Restate the whole listing below word for word and keep the images out.

Data extract:

-----

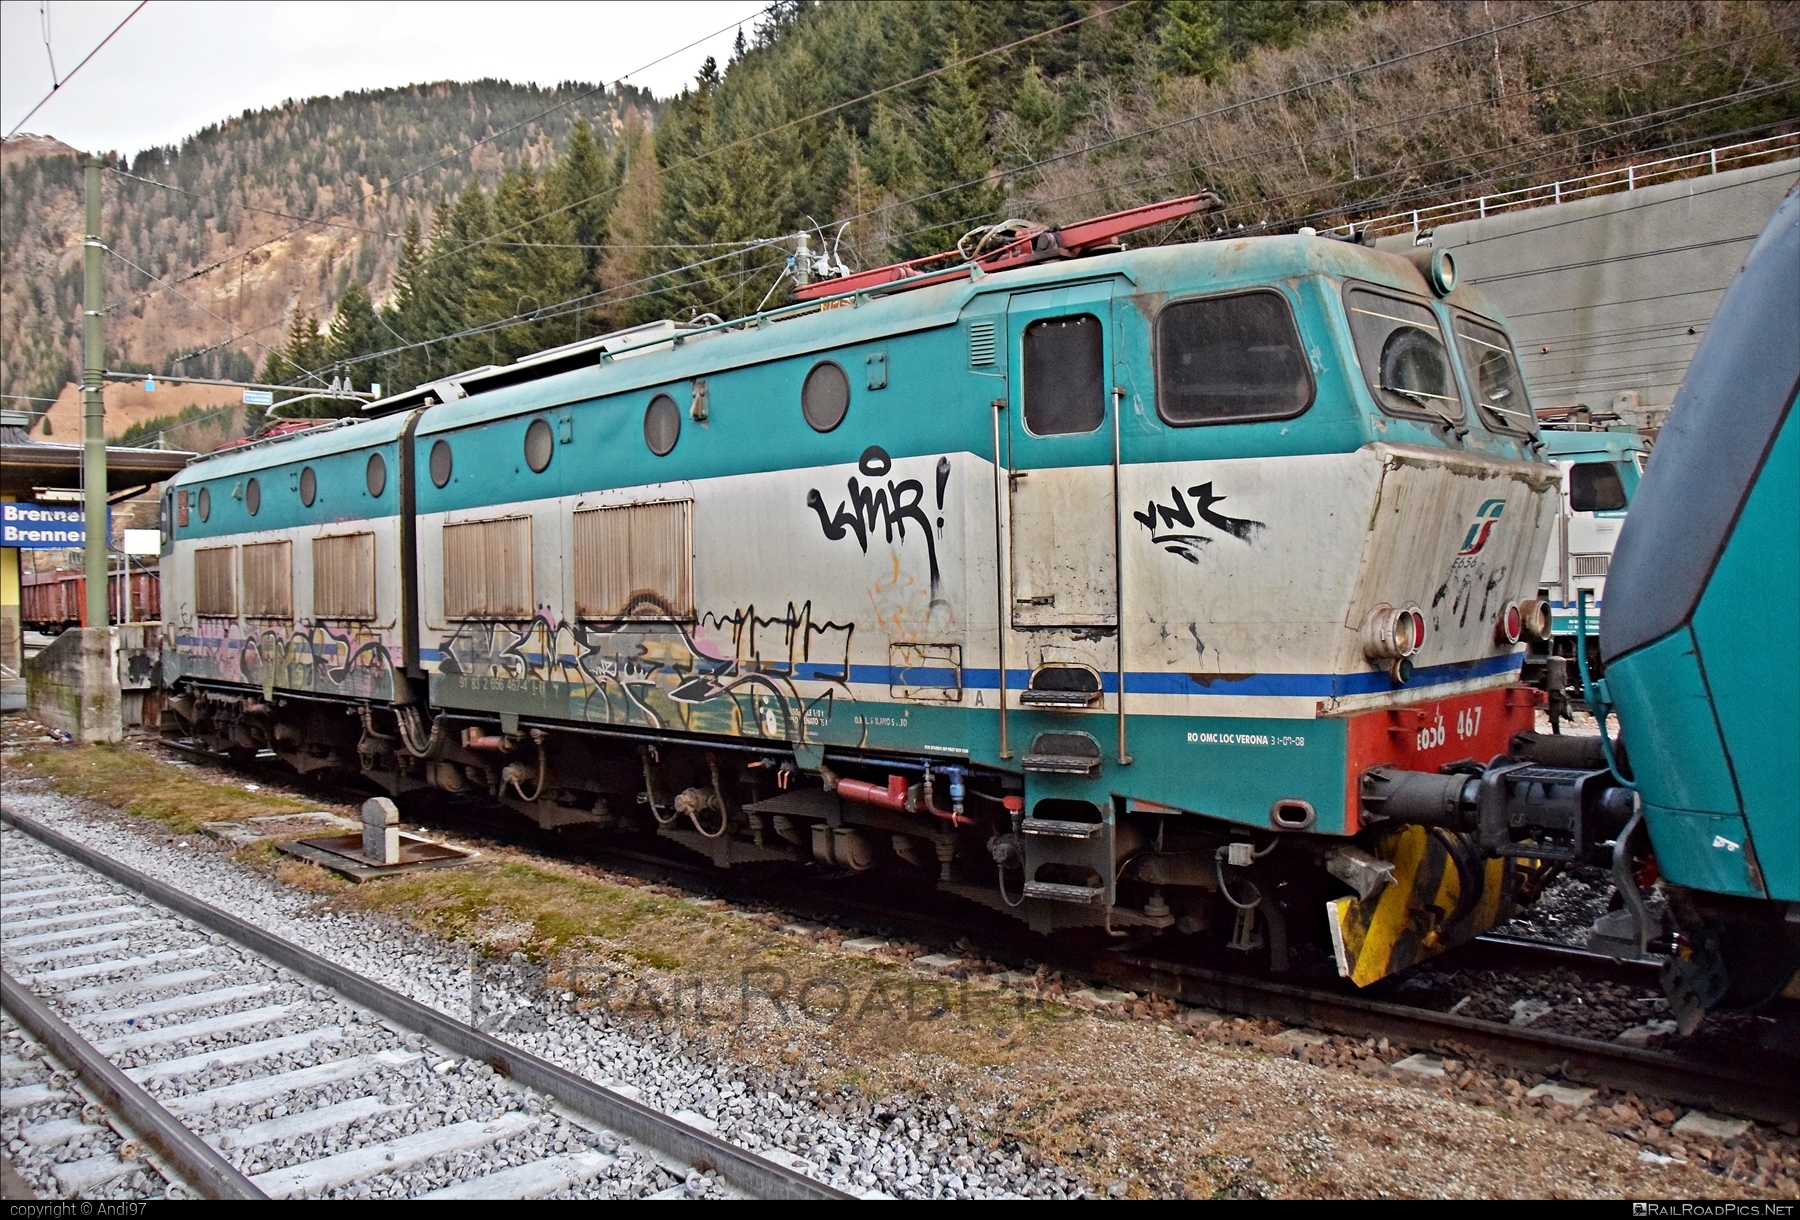 FS Class E.656 - E656 467 operated by Mercitalia Rail S.r.l. #caimano #classE656 #e656locomotive #ferroviedellostato #fs #fsClassE656 #fsitaliane #graffiti #mercitalia #trenitalia #trenitaliaspa
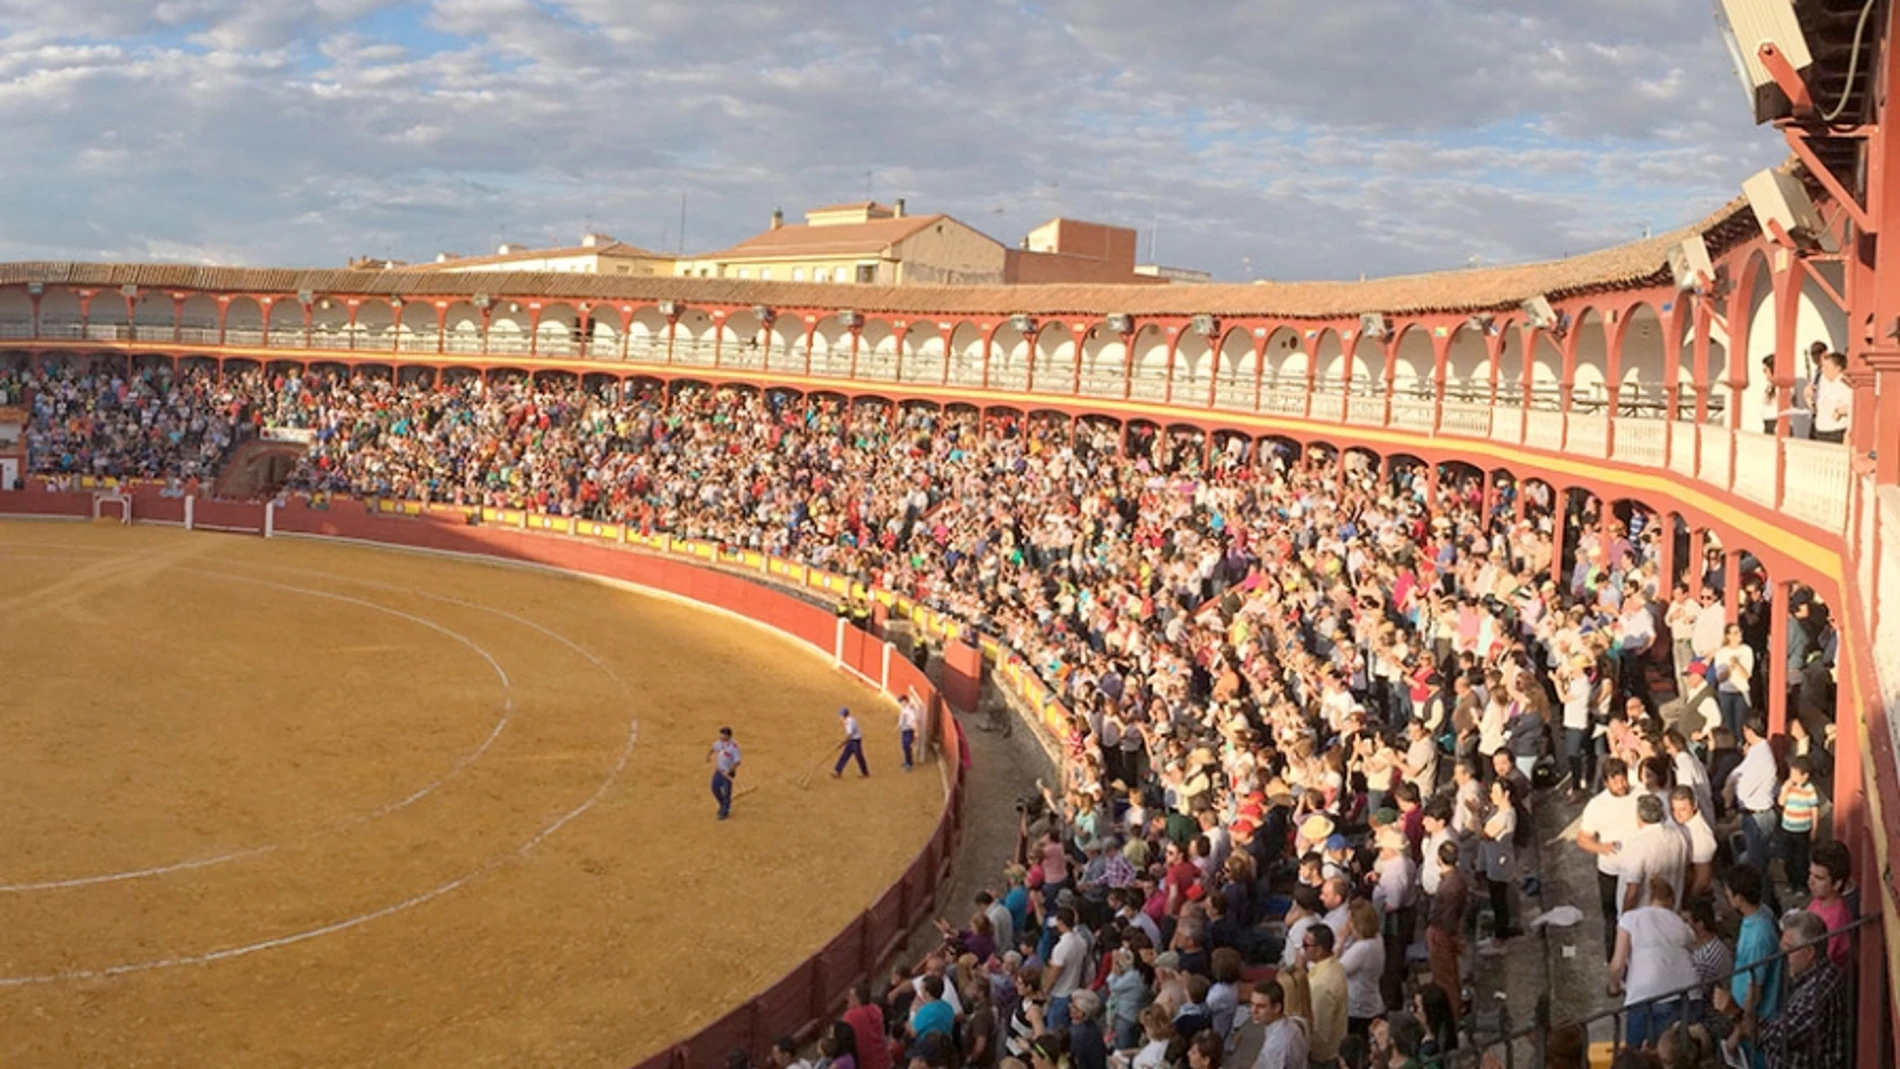 Imagen de la plaza de toros de Ciudad Real, abarrotada de gente
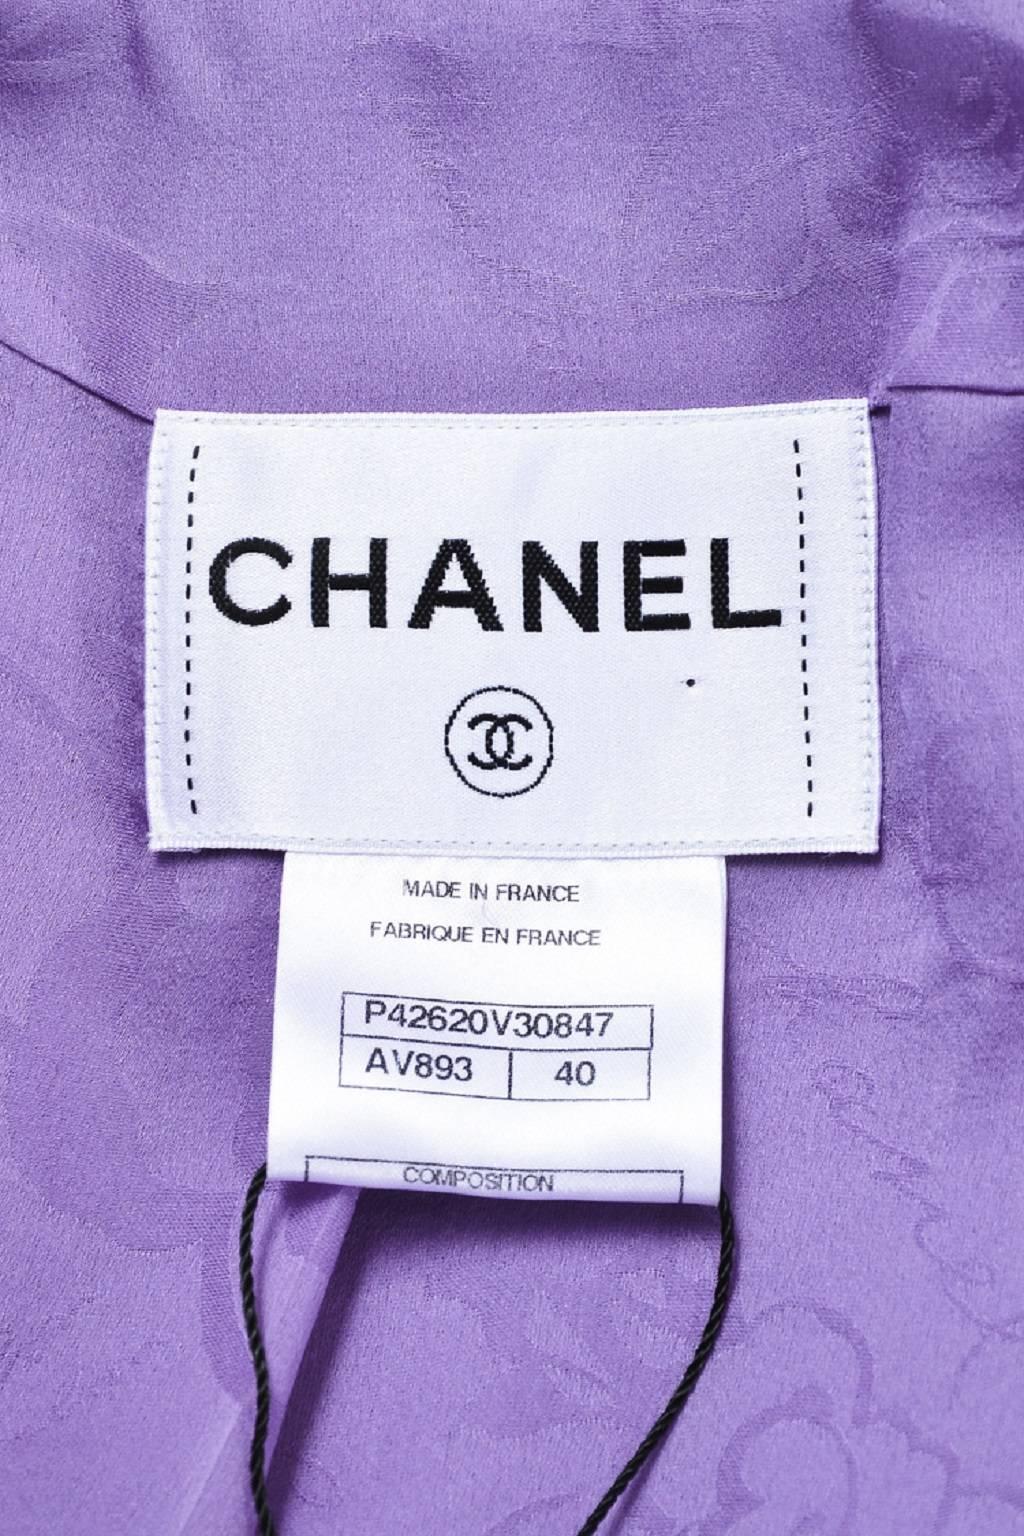 Chanel $4535 Lavender Purple Wool Boucle 'CC' Cabochon Button Jacket SZ 40 For Sale 1
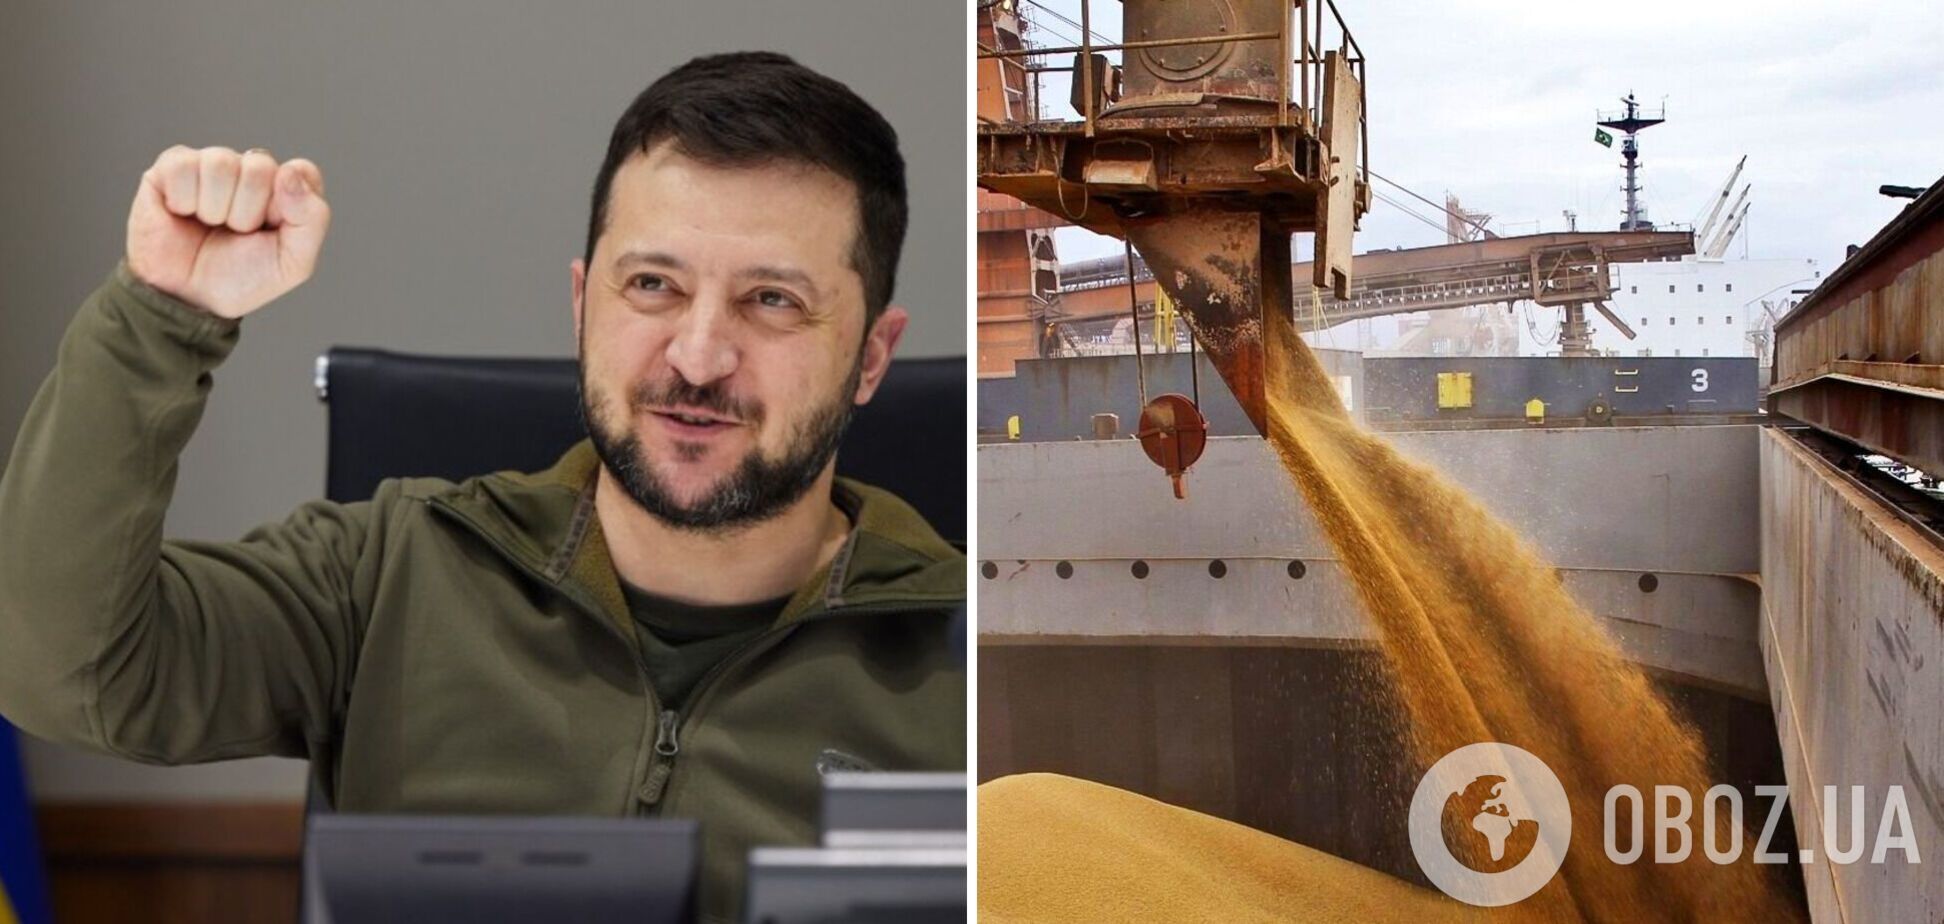 Україна вже експортувала мільйон тонн зерна і показала, що залишається одним із гарантів світової продовольчої безпеки, – Зеленський

-----

Response:
 FS Class E.656 - E656 467 operated by Mercitalia Rail S.r.l. #caimano #classE656 #e656locomotive #ferroviedellostato #fs #fsClassE656 #fsitaliane #graffiti #mercitalia #trenitalia #trenitaliaspa
 Imagen de la plaza de toros de Ciudad Real, abarrotada de gente
 Chanel $4535 Lavender Purple Wool Boucle 'CC' Cabochon Button Jacket SZ 40 For Sale 1
 Україна вже експортувала мільйон тонн зерна і показала, що залишається одним із гарантів світової продовольчої безпеки, – Зеленський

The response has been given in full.